Keep debt collection calls limited to landlines
Requiring communications over a landline would increase the chances that a potentially humiliating phone call from a debt collector would take place in private, as it should be. Communication over a cell phone can happen anywhere: on the street, at the hospital, or in the lobby of a prospective employer just before an interview. While debt collectors may not call repeatedly or continuously to harass a debtor, federal law does not specify an exact limit on the number of calls a debt collector can place. Moreover, the Fair Debt Collection Practices Act expressly states that debt collectors cannot communicate with consumer debtors at an unusual time or place. When a collector calls a debtor on her cell phone, the collector has no way of knowing where the debtor is, unlike on a call to a landline.
Regulations should restrict debt collectors from calling cell phones
Zywicki counters that cell phone technology itself (e.g., the ability to silence the phone or control alerts) alleviates many of the concerns about disruptive telephone calls. But technology is employed by debt collectors, too. Debt collectors know that debtors will block a creditor calling from the same number and thus use third-party call-routers to display the the call on the cell phone as originating from a phone number in the debtor’s area code. In reality, the cell phone technology Zywicki touts offers debtors scant protection, and a debtor has no way of know beforehand whether a call is from a collector.

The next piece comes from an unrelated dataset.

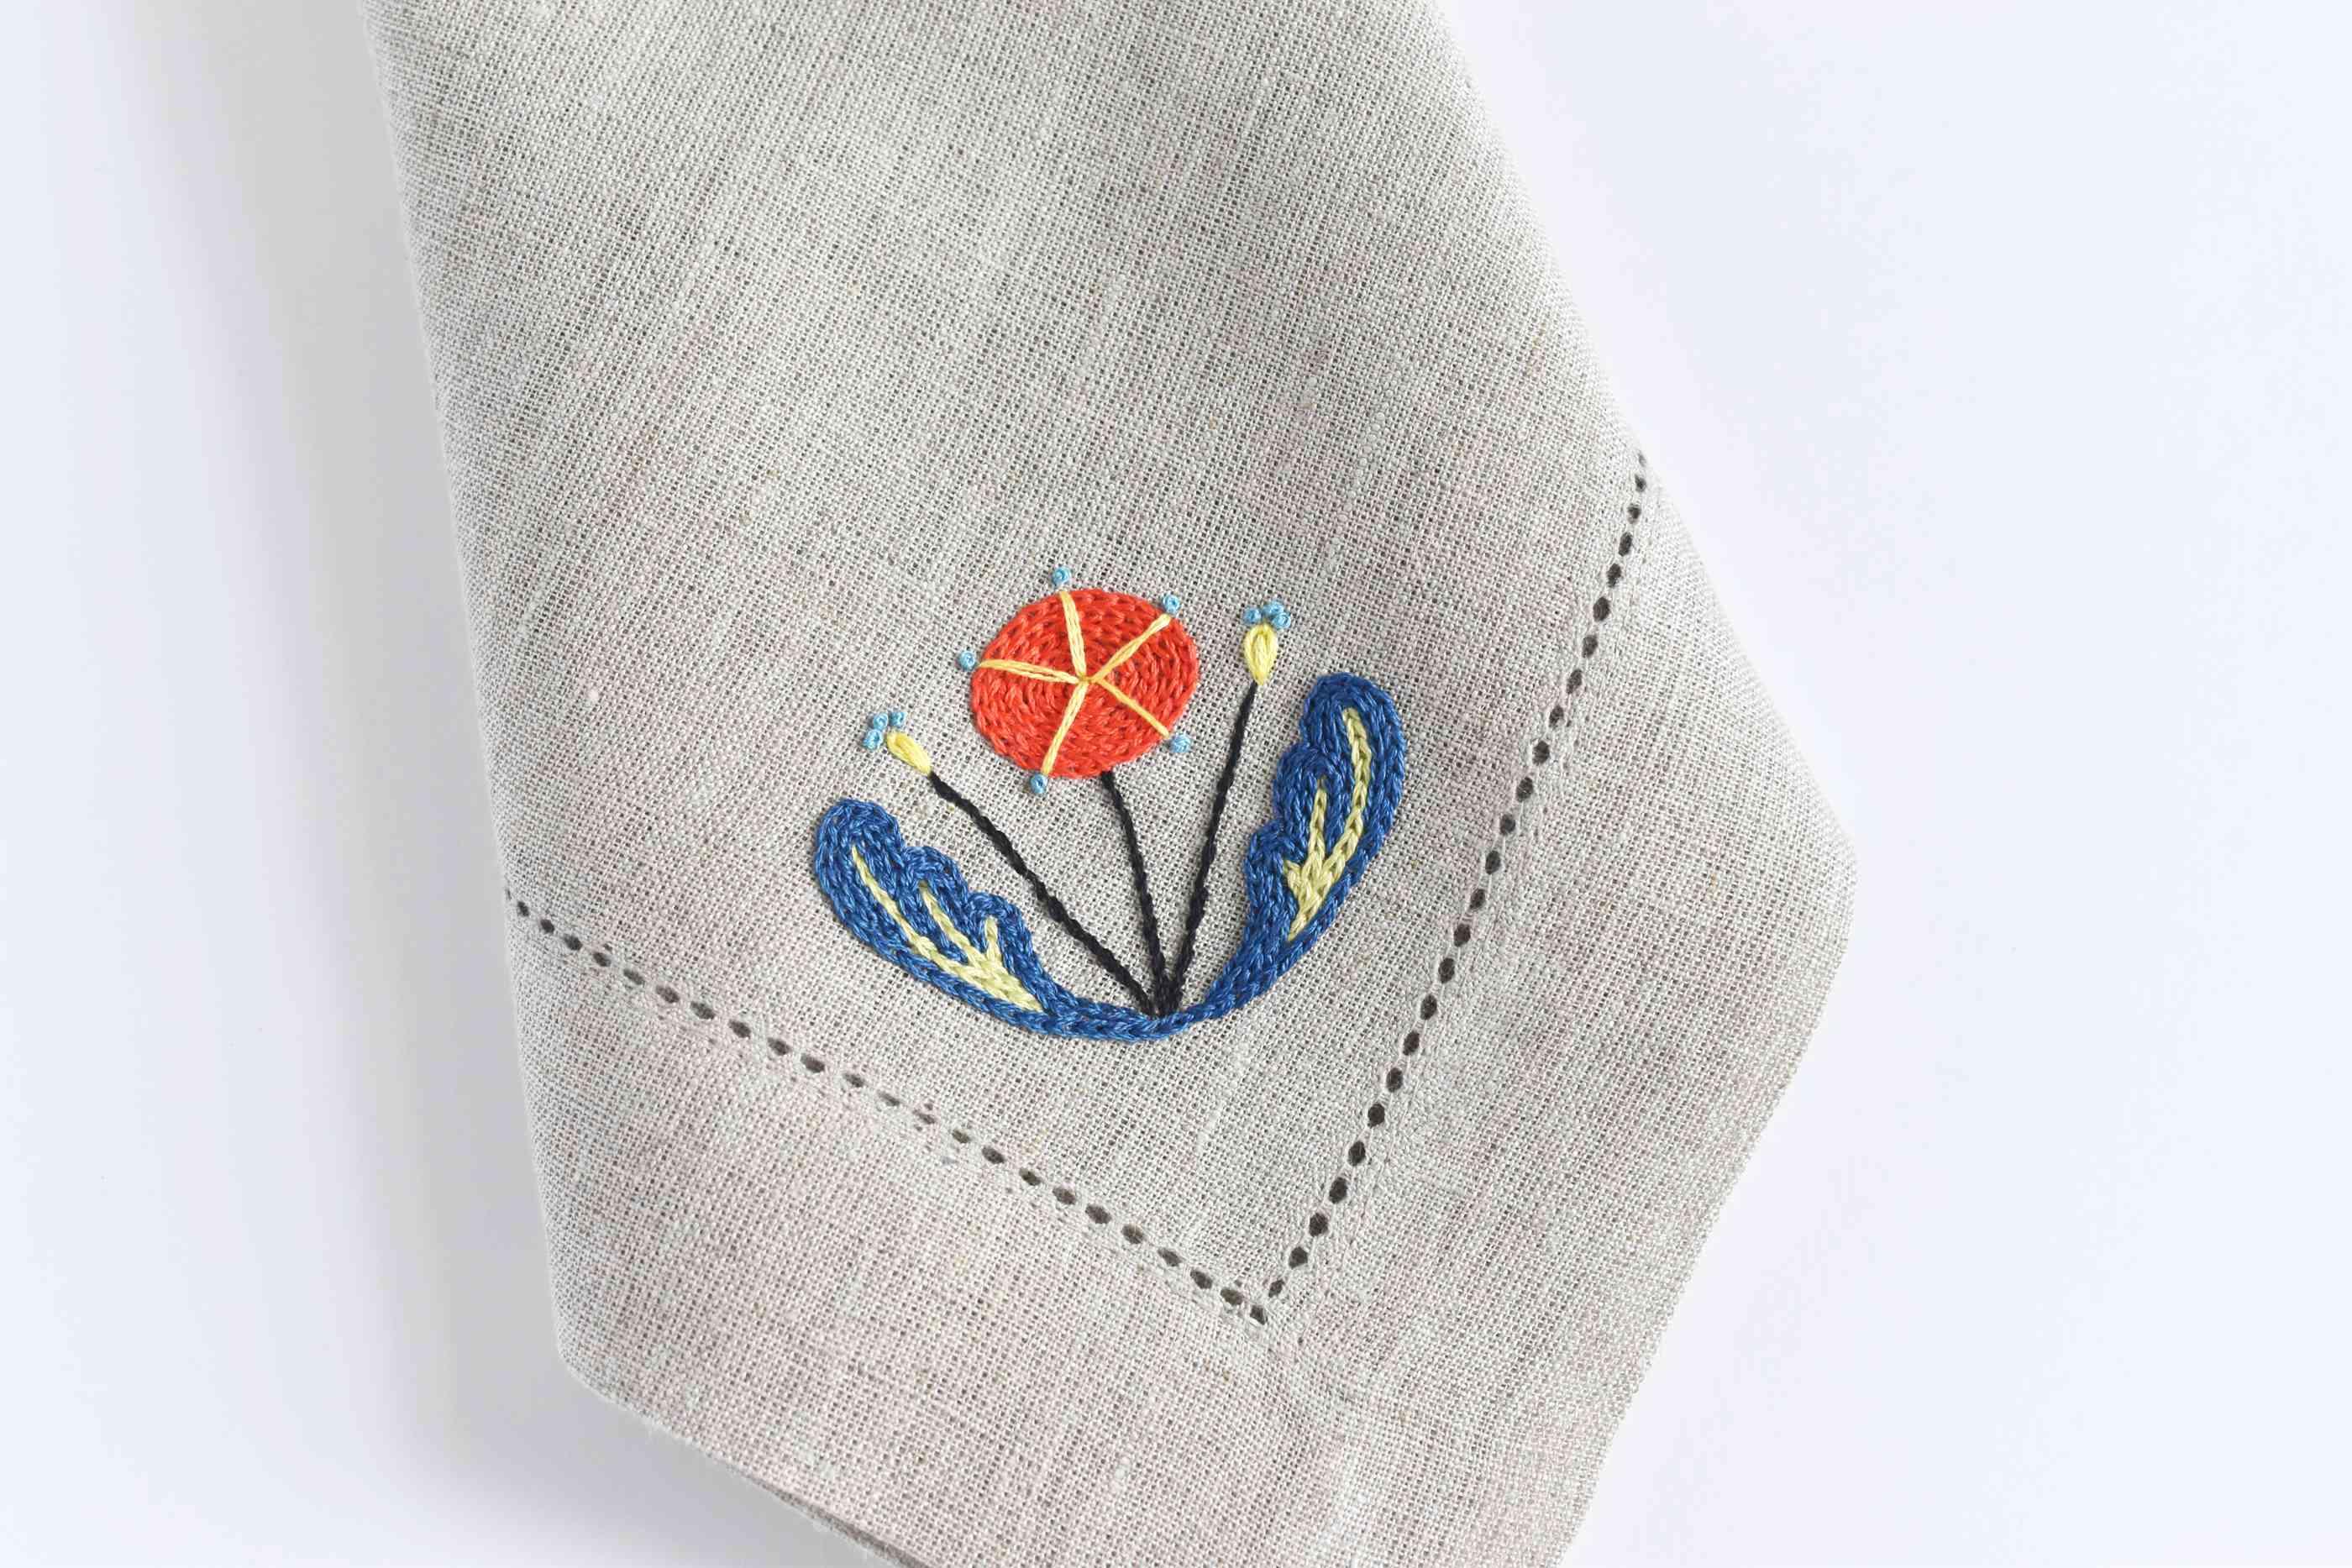 Scandinavian flower embroidered onto a napkin
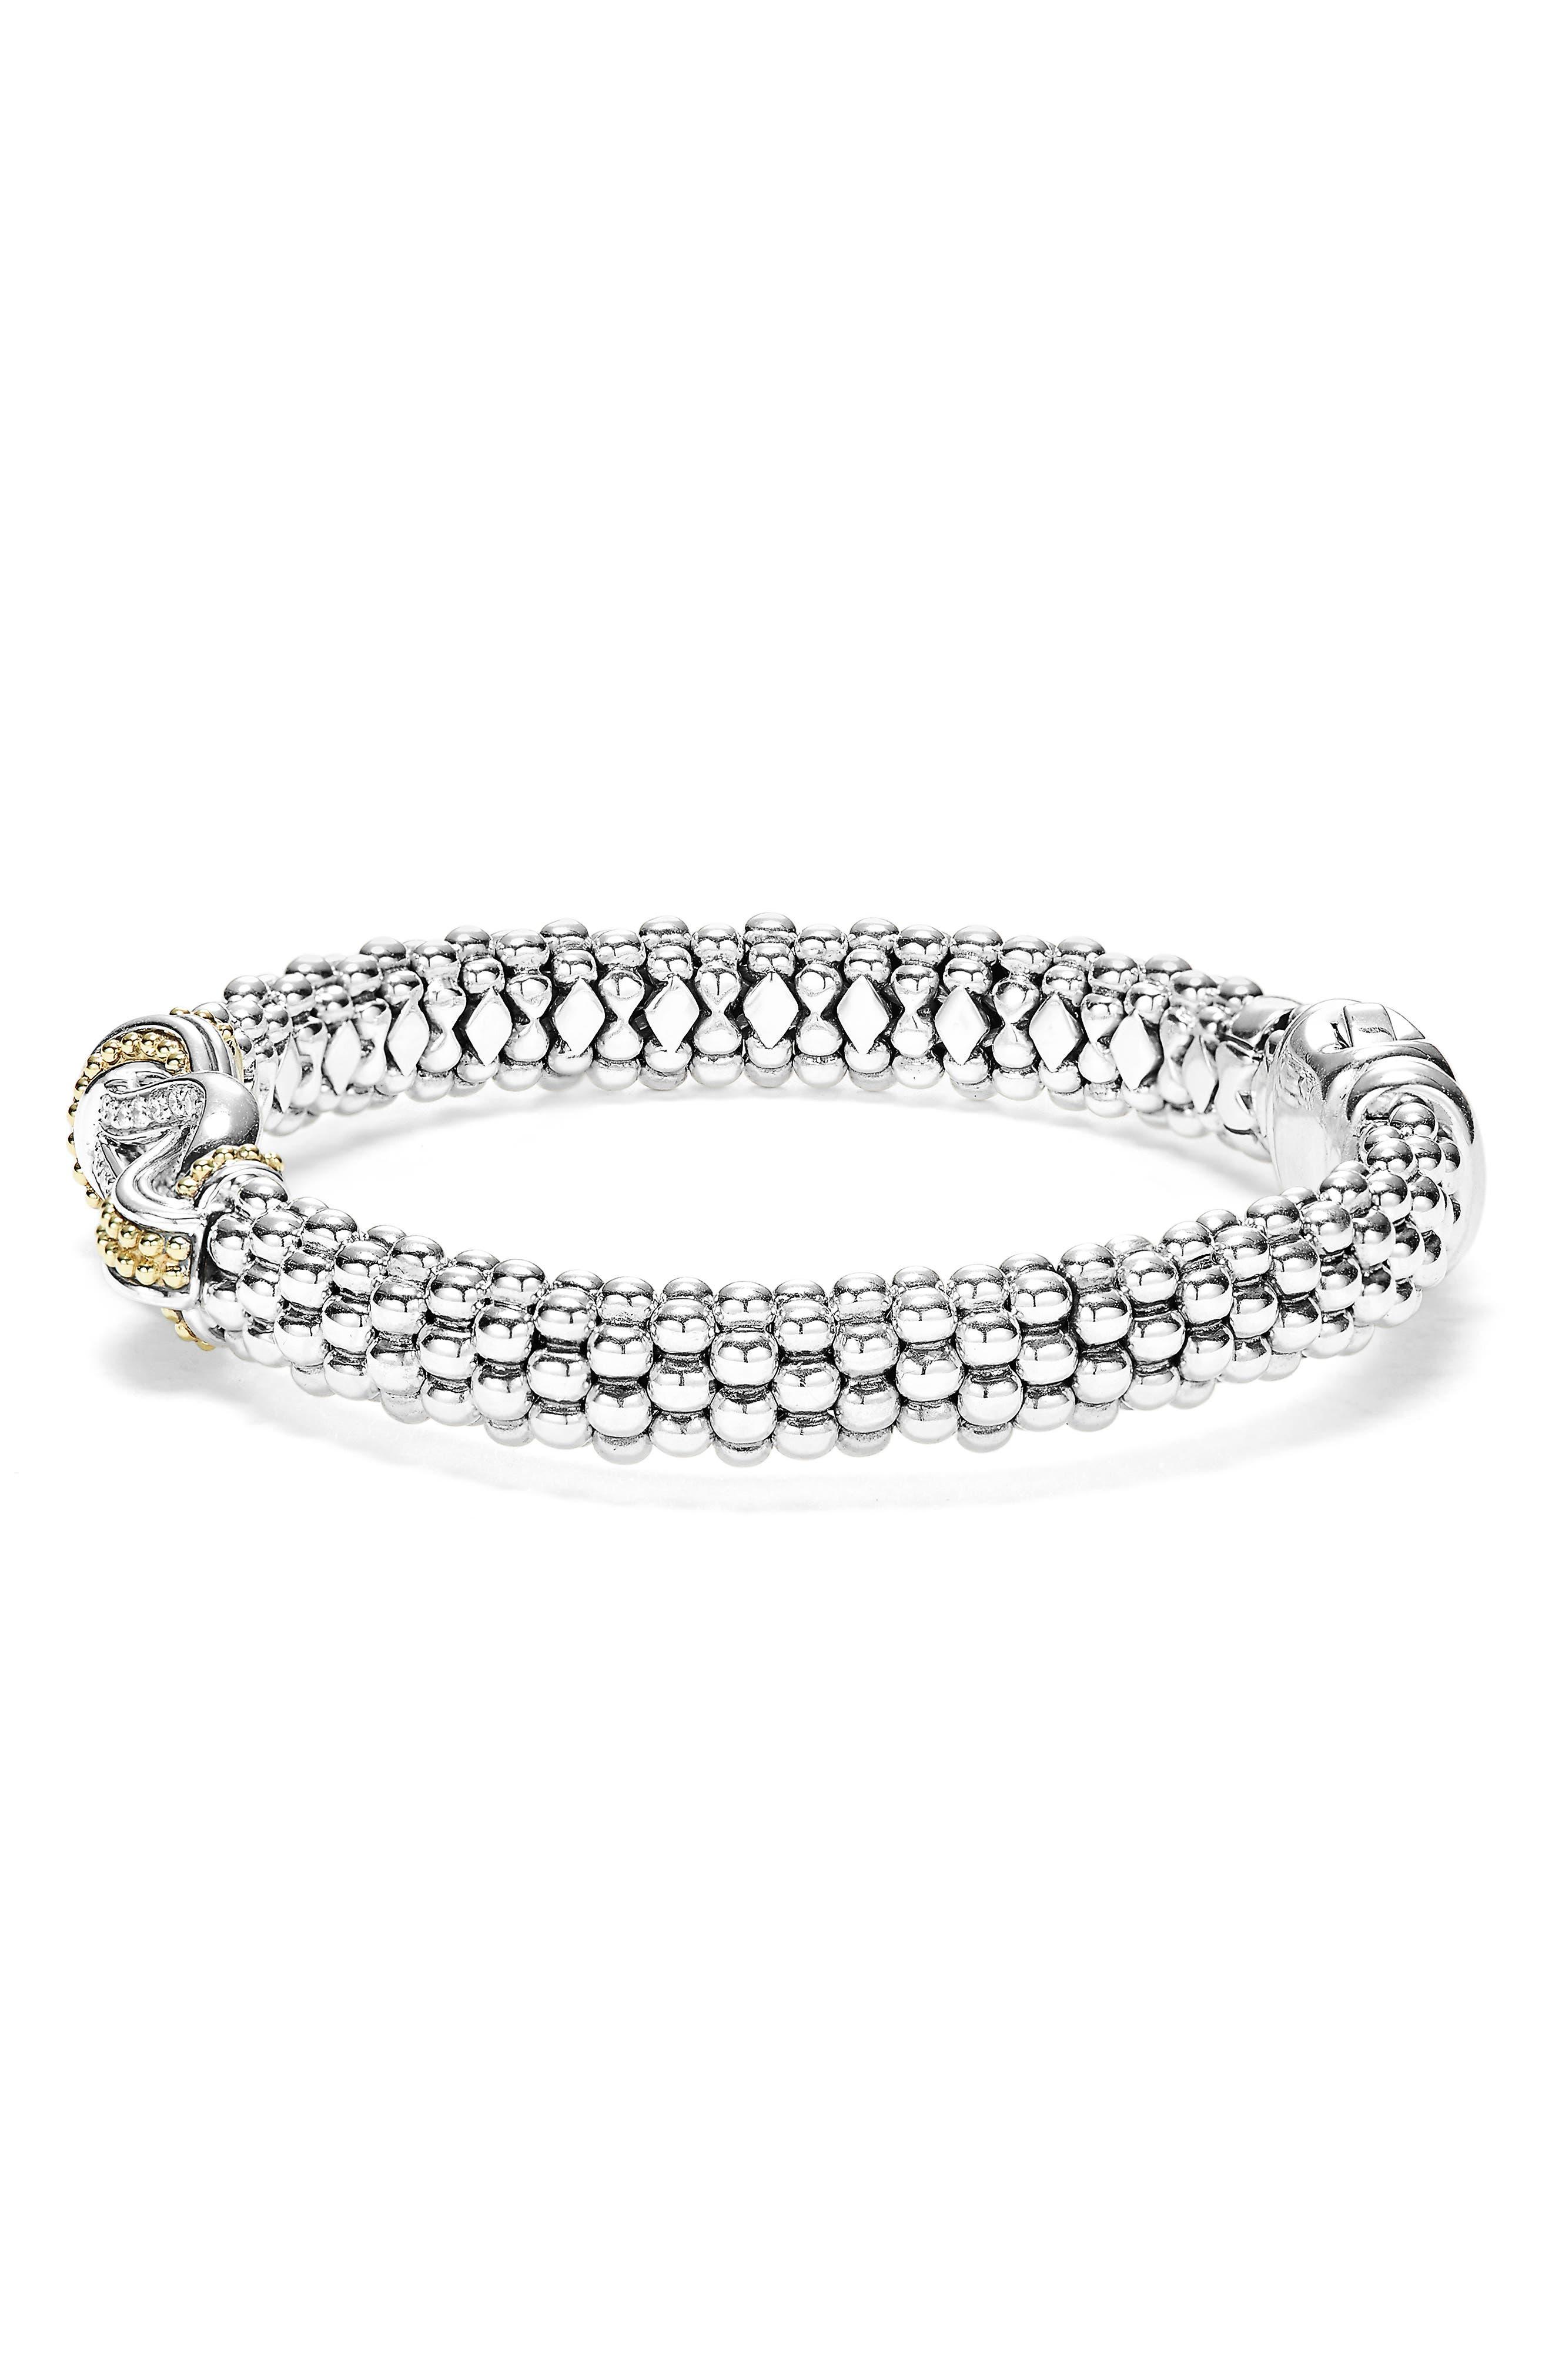 Caviar Newport Diamond Station Bracelet,                             Alternate thumbnail 3, color,                             SILVER/ GOLD

Finally, as noted by the National Consumer Law Center in a recent white paper, “low-income consumers can be more vulnerable to excessive calls or text messages by debt collectors” because creditor calls can cause consumers who exceed the number of available monthly minutes to face high overage fees.
For all of the foregoing reasons, I feel the CFPB should adopt rules restricting debt collectors from calling or texting debtor cell phones.